И пусть равнодушный, пропахший фиалковым корнем эстет, влюбленный в призрак, бичует меня за пламенную, сводящую с ума страсть, которую вызывала в моей груди эта мужская красота. Да, я столь же пылок, как горячие мужчины, рожденные на склоне вулкана в Неаполе или под палящим солнцем Востока; во всяком случае, я скорее предпочел бы быть таким, как «латинский брюнет» — человек, любивший мужчин-соплеменников, — чем таким, как Данте, пославший их всех в Ад, тогда как сам отправился в благодатное место, называемое Раем, с томным привидением, им самим же сотворенным.

Телени возвращал мои поцелуи с исступленной, отчаянной страстью. Его губы пылали, его любовь, казалось, превратилась в неистовый огонь. Не знаю, что на меня нашло, но я почувствовал, что наслаждение могло меня убить, а не успокоить. Голова моя шла кругом!

Существует два вида сладострастия. Оба одинаково сильны и неодолимы. Первый вид — горячая, жгучая, чувственная страсть, разгорающаяся в половых органах и поднимающаяся к мозгу, заставляя людей

 

Купаться в радости, душою чуя

Крылатую божественную силу,

Что над землей парит.

 

Второй — холодная желчная страсть воображения, острая воспалённость мозга, которая иссушает кровь,

 

как будто юный хмель в вине.

 

Первый — неистовое вожделение похотливой юности, естественное для плоти, — удовлетворяется, как только люди

 

насытятся игрой любовной,

 

и из наполненного до краев мешка выбрасывается отягощавшее его семя; тогда люди чувствуют себя так, как чувствовали себя наши прародители, когда освежающий сон

 

их накрывал, уставших от забав любовных.

 

Восхитительно легкое тело словно покоится на «прохладных коленях земли», и ленивый сонный ум предается размышлениям о дремлющем наконечнике своего снаряда.

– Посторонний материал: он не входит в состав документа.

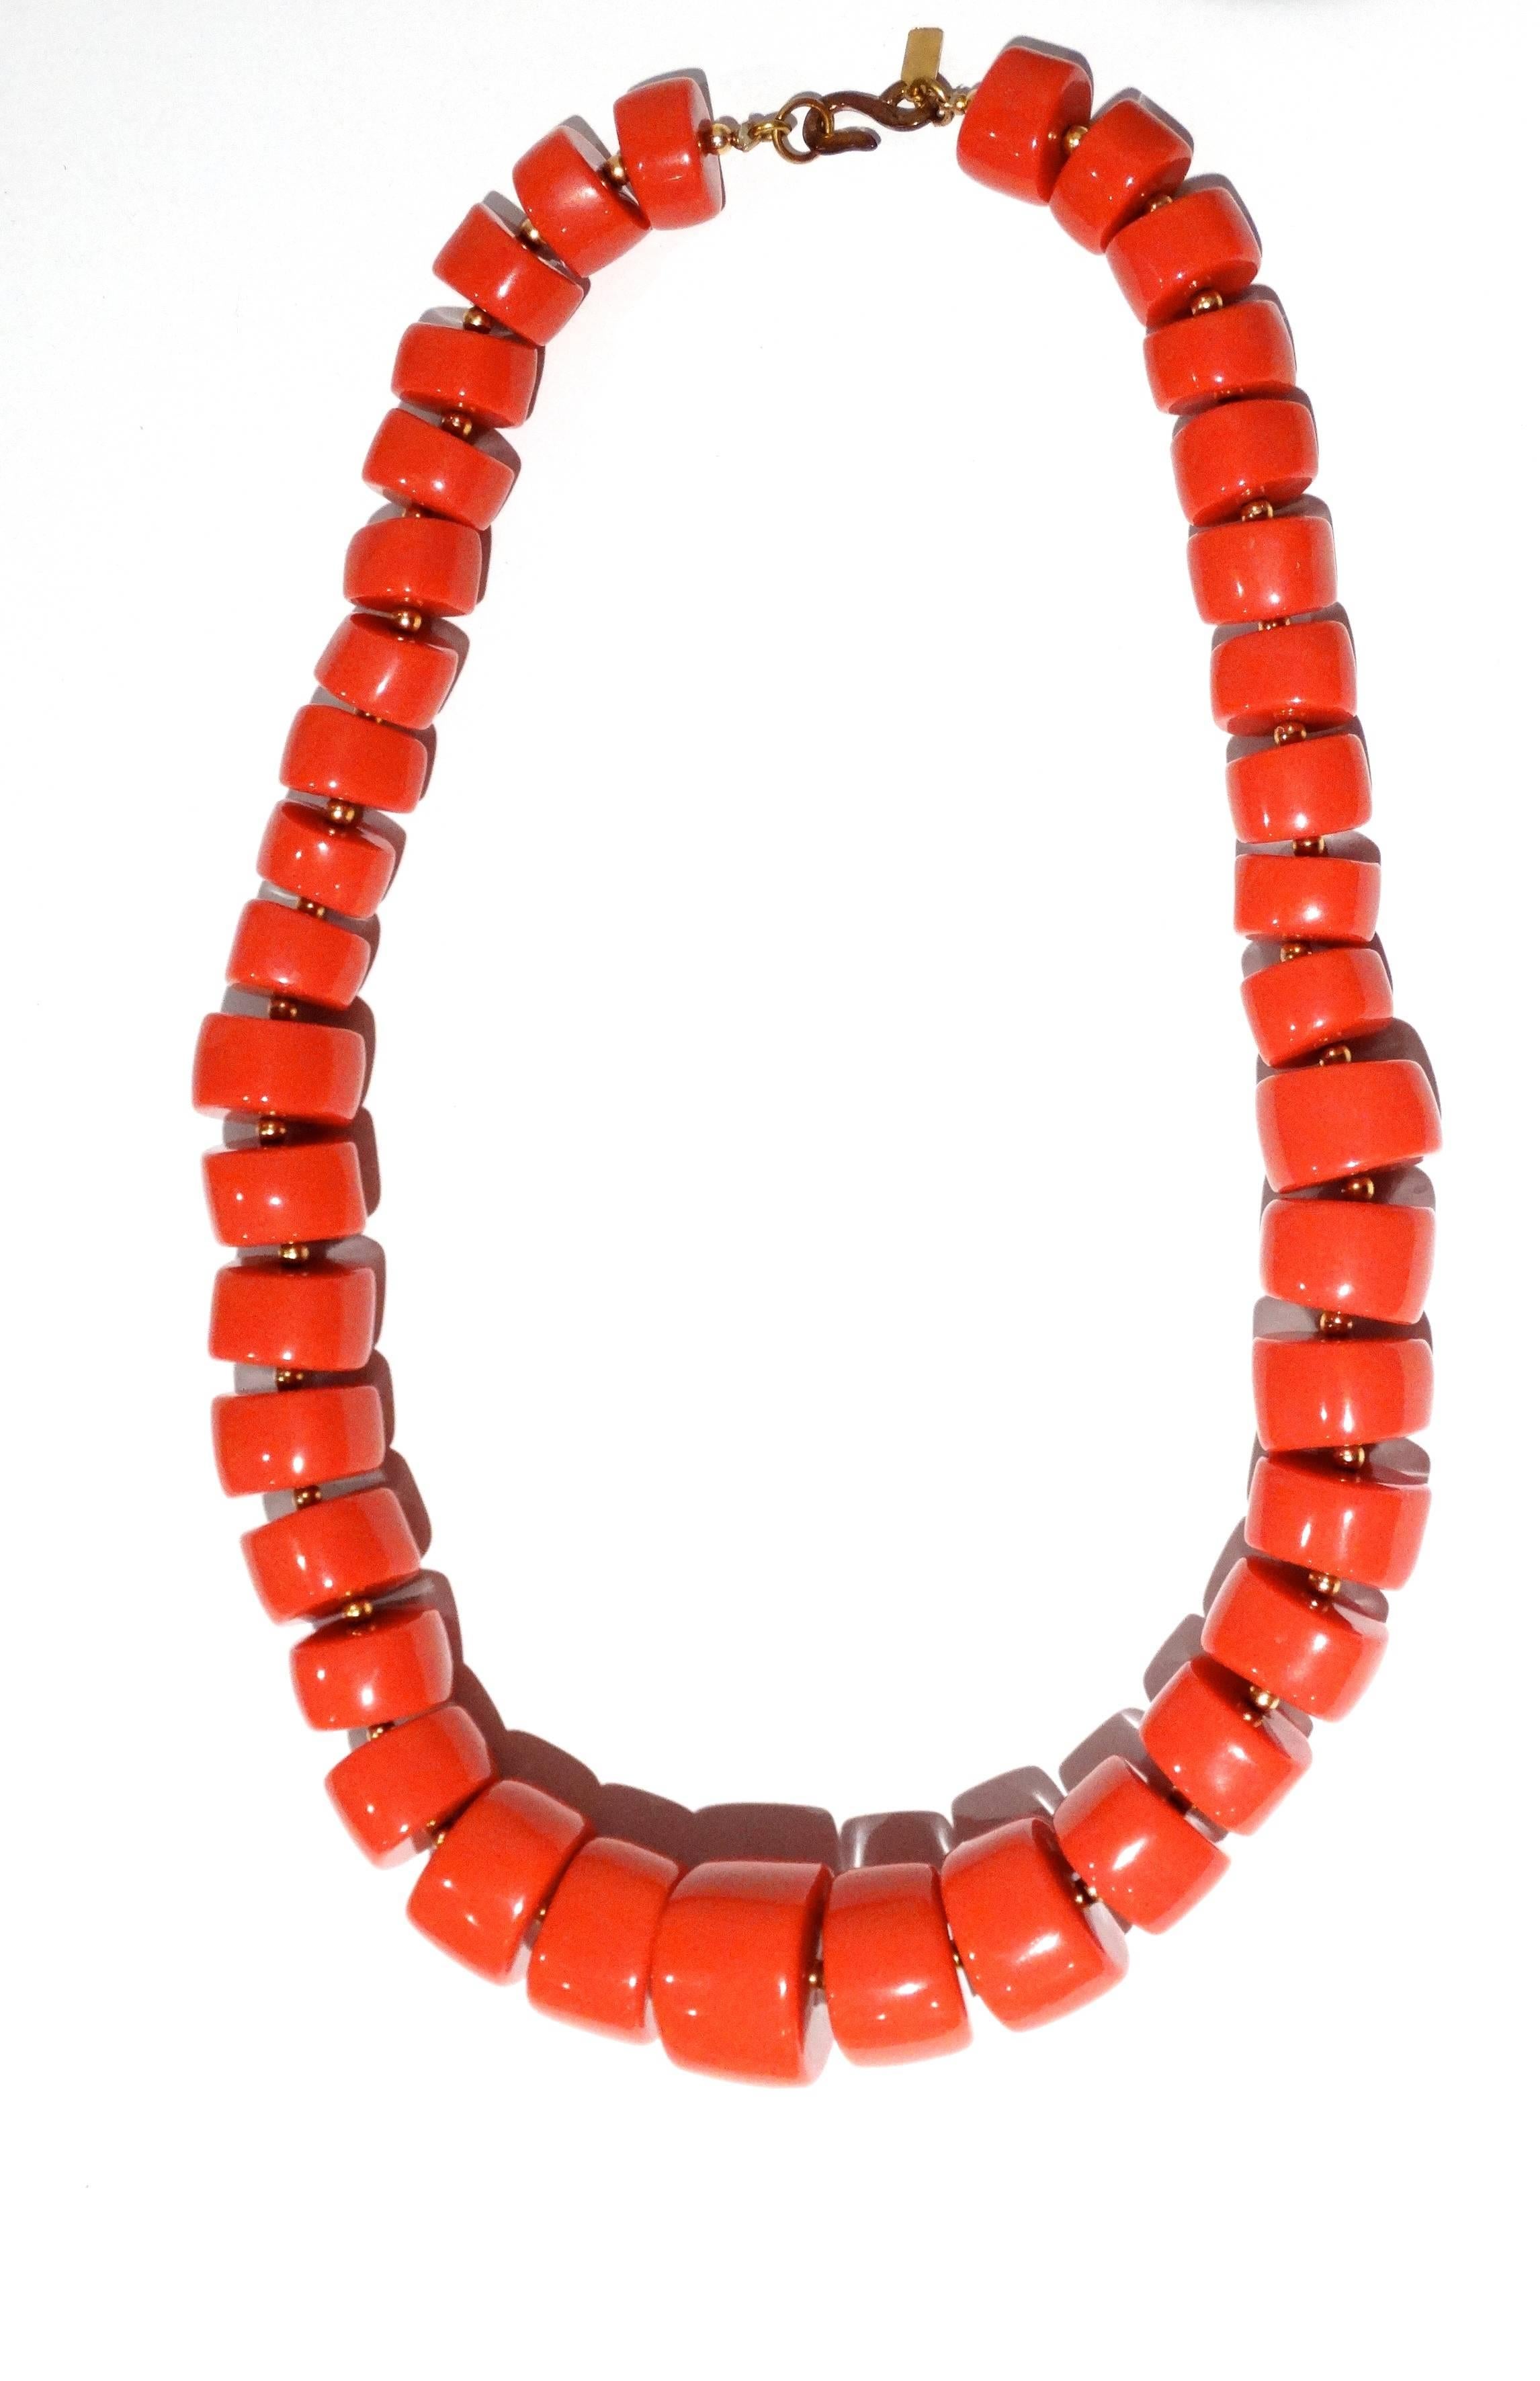 This is a big, bold, beaded necklace by Kenneth (Jay) Lane circa 1980's. The necklace consists of 40 small to large, smooth, solid coral colored resin beads, each measuring between 1/2

Второй — вспыхнувший в голове,

 

настоянный на запахах отравы, —

 

есть распутство угасающего, болезненная страсть, похожая на голод пресытившейся утробы. Чувства, как чувства Мессалины, lassata sed non satiate [119] находятся в постоянном возбуждении и напряжены сверх возможного. Семяизвержение нисколько не успокаивает тело, напротив, лишь еще больше раздражает его, ибо сладострастные фантазии продолжают волновать и после того, как в мешке совершенно не осталось семян. Даже если вместо целебной густой жидкости появляется едкая кровь, она не приносит ничего, кроме мучительного раздражения. В этом случае — противоположном сатириазису — эрекция отсутствует и фаллос остается вялым и безжизненным, но бессильное тело не перестает корчиться от вожделения и похоти — миража, созданного воспаленным, доведенным до истощения мозгом.

Два эти чувства, соединенные вместе, близки к тому, что я испытал, когда, прижимая Телени к трепещущей, вздымающейся груди, я ощутил в себе яд его страстного желания и всепоглощающей печали.

Я снял со своего друга воротничок и галстук, чтобы полюбоваться и прикоснуться к его прекрасной обнаженной шее; затем я стал постепенно раздевать его, пока наконец он не оказался нагим в моих объятиях.

Он был настоящим образцом чувственной красоты: сильные мускулистые плечи, широкая выпуклая грудь, белоснежная кожа, нежная и гладкая, как лепестки водяной лилии, руки и ноги округлые, как у Леотара [120], в которого были влюблены все женщины; его бедра, голени и ступни были идеальным образцом изящества.

Чем дольше я смотрел на него, тем больше им восхищался. Но созерцания было недостаточно. Чтобы усилить визуальное наслаждение, мне нужно было касаться его, я хотел чувствовать твердые, но упругие мышцы его рук в своих ладонях, гладить массивную мускулистую грудь, ласкать спину. Оттуда мои руки спустились к округлым долям у крестца, и я схватил его за ягодицы и прижал к себе. Срывая с себя одежду, я прижимался к нему всем телом, терся о него, извиваясь, как червь. Я лежал на нем, и мой язык погружался в его рот в поисках его языка, который то отступал, то вырывался наружу, преследуя моего беглеца; это было похоже на похотливую игру в прятки — игру, которая заставляла все тело трепетать от восторга.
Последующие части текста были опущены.